Details
-
Bug
-
Status: Resolved
-
Major
-
Resolution: Timed Out
-
5.0, 4.2.2
-
None
-
None
Description
Hello,
I am in the process of comparing Big Data systems and solutions on a cluster where each node has multiple disks that are directly accessible. As the cluster is also used for Hadoop/HDFS, the disks are mounted as JBOD; i.e., they are mounted as separate Linux volumes and are not utilizing any sort of abstraction between the OS and disk besides the filesystem itself (i.e., no RAID or LVM). For many systems I have encountered, this is one of their many acceptable hardware configurations, with this type of configuration being geared towards newer systems such as Hadoop/HDFS that take on the tasks of replication and failover in software. However, for HPCC this appears not to be a configuration where I can fully utilize the hardware, as it seems that with HPCC I must have one (and only one?!) location allocated for my data, homogeneously across the entire cluster.
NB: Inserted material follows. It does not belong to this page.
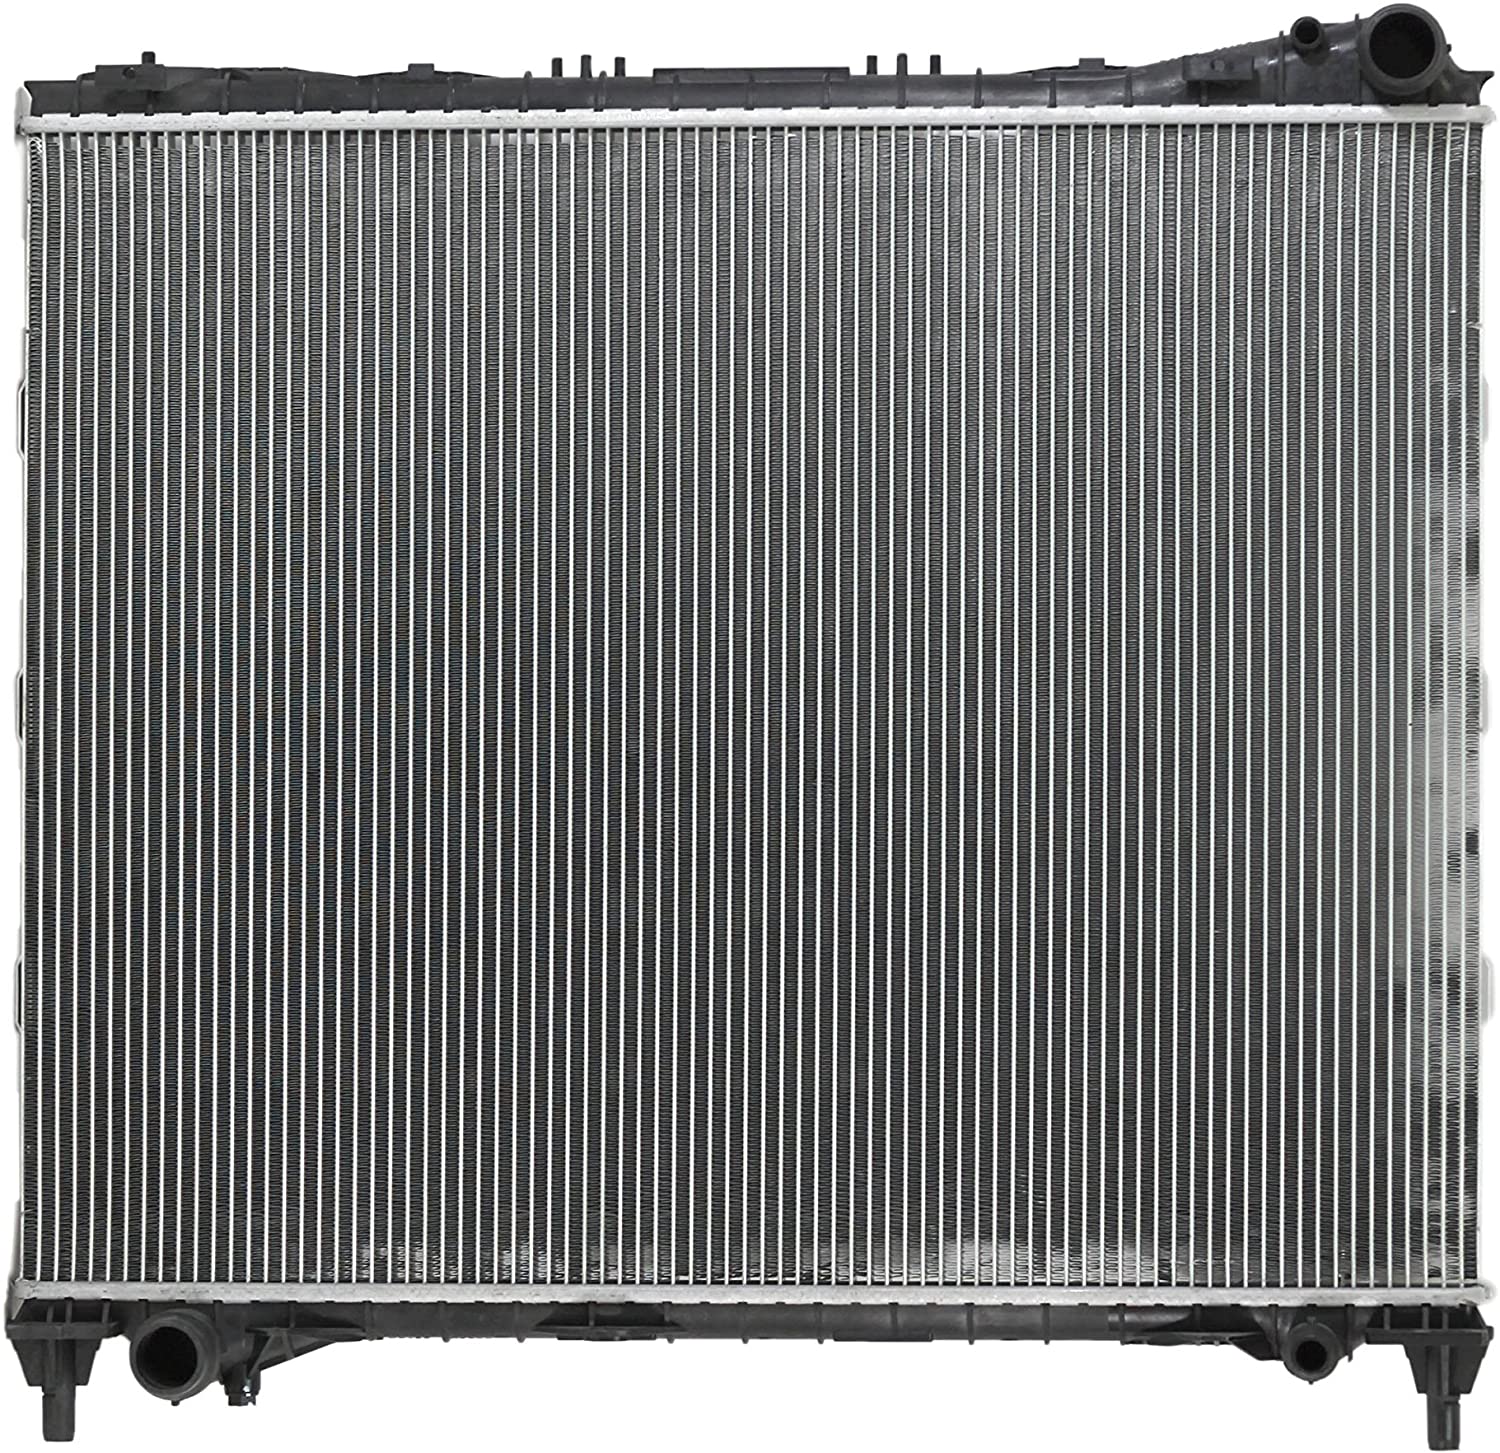 Radiator - Pacific Best Inc Fit/For 13433 13-17 Land Rover Range Rover Gas 5.0/5.0L Supercharged 14-16 Gas 14-17 Sport-Gas Plastic Tank Aluminum Core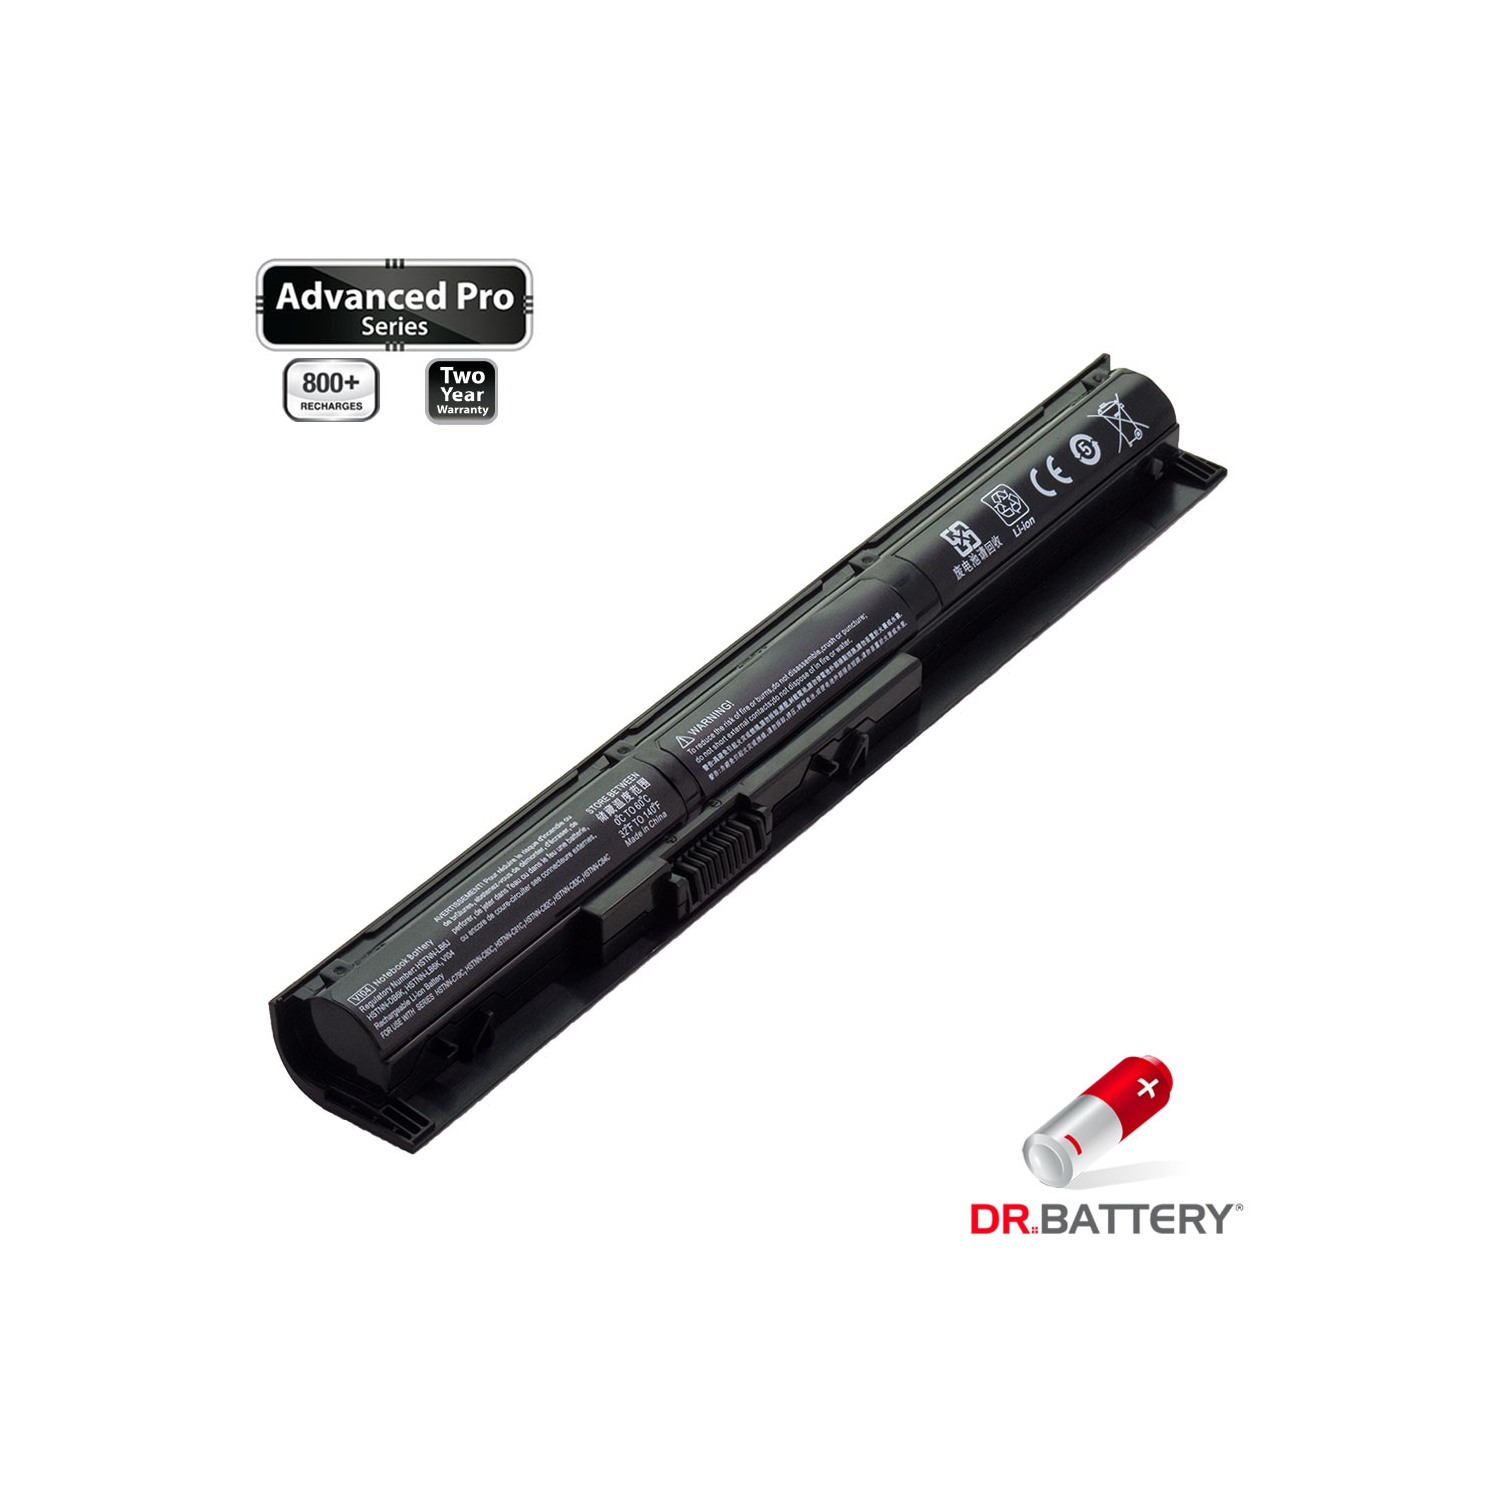 Dr. Battery - Samsung SDI Cells for HP ProBook 440 G2 / 450 G2 / 455 G2 / 756744-001 / 756745-001 - Free Shipping

Using RAID is not a choice in my situation, as the cluster's hardware and OS are shared with other (Hadoop/HDFS) users and they are not mine to reconfigure. (I would expect similar situations to arise with the Big Data clusters of many enterprises today.) I am trying to understand if there is a simple way that this type of hardware configuration could be better accommodated. For example, something as simple as supporting an HPCC node process startup parameter that points at a configuration file might work. There could then be multiple processes, one per disk volume, coexisting on the same machine; this is how systems like MongoDB deal with multiple volumes, for example, when in non-RAIDed configurations.
Thank you,
Keren Ouaknine